- _Dataset section_:
-- -- --
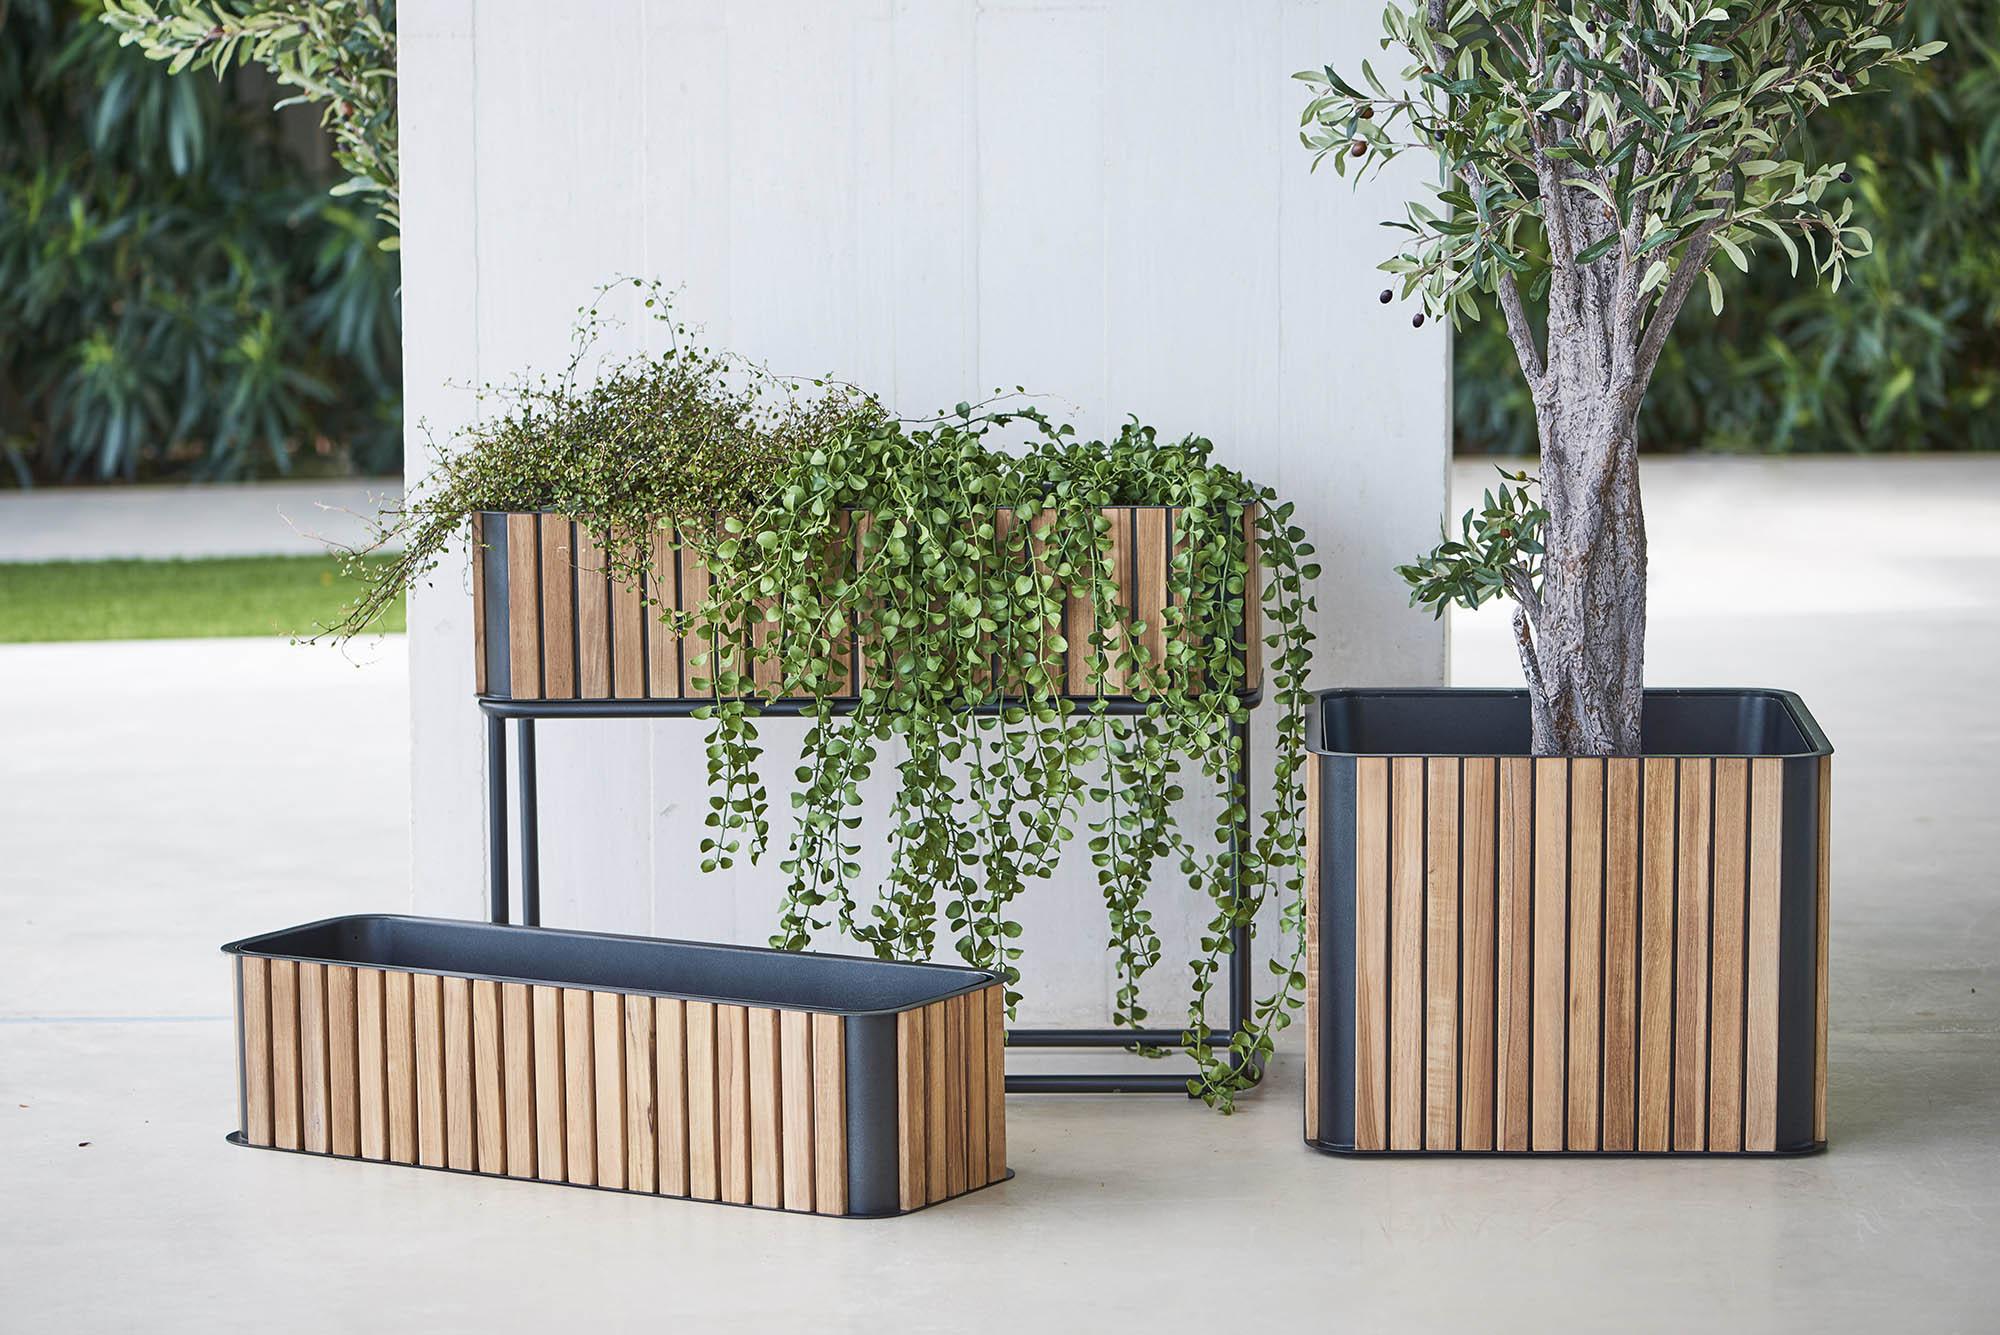 Miljöbild av Flowerbox planteringskärl från Cane-Line i aluminium och teak.
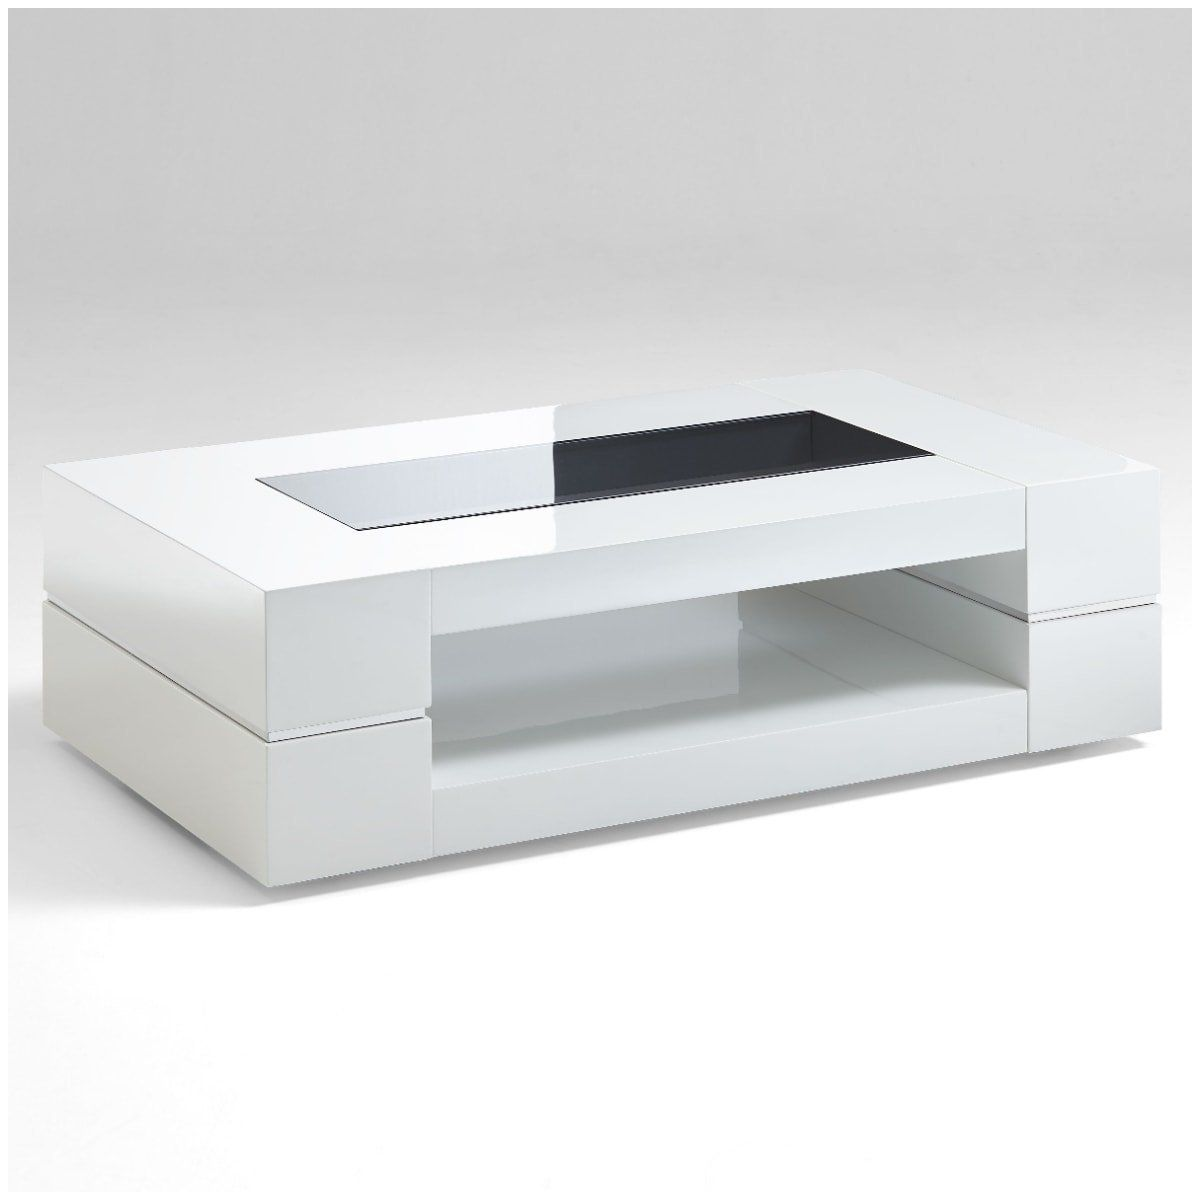 Couchtisch Weiss Hochglanz Mit Glasplatte Sera 120x70cm Glastisch Amazon De Kuche Haushalt Tea Table Design Living Table Coffee Table [ 1200 x 1200 Pixel ]
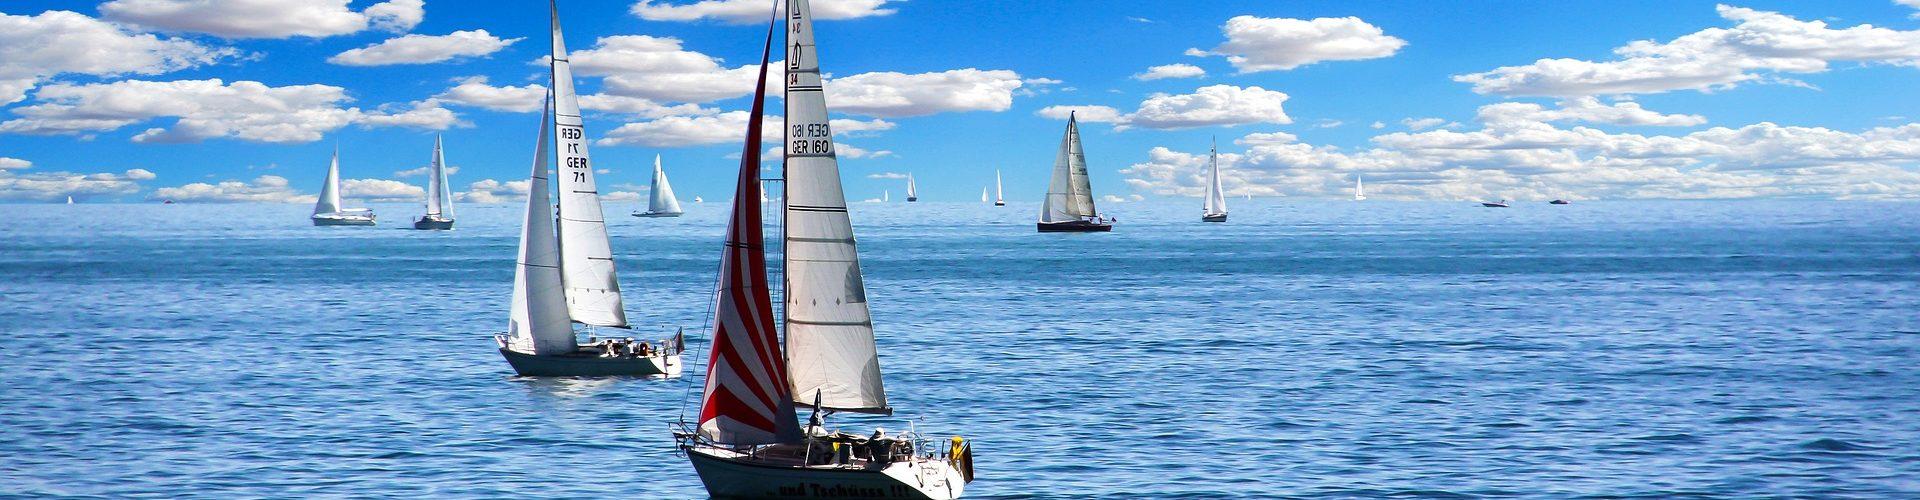 segeln lernen in Hameln segelschein machen in Hameln 1920x500 - Segeln lernen in Hameln
-- -- --
Starting from the first line of the listing above, write out every line exactly through the one containing "Couchtisch Weiss Hochglanz", and drop the pictures.

 Miljöbild av Flowerbox planteringskärl från Cane-Line i aluminium och teak.
 Couchtisch Weiss Hochglanz Mit Glasplatte Sera 120x70cm Glastisch Amazon De Kuche Haushalt Tea Table Design Living Table Coffee Table [ 1200 x 1200 Pixel ]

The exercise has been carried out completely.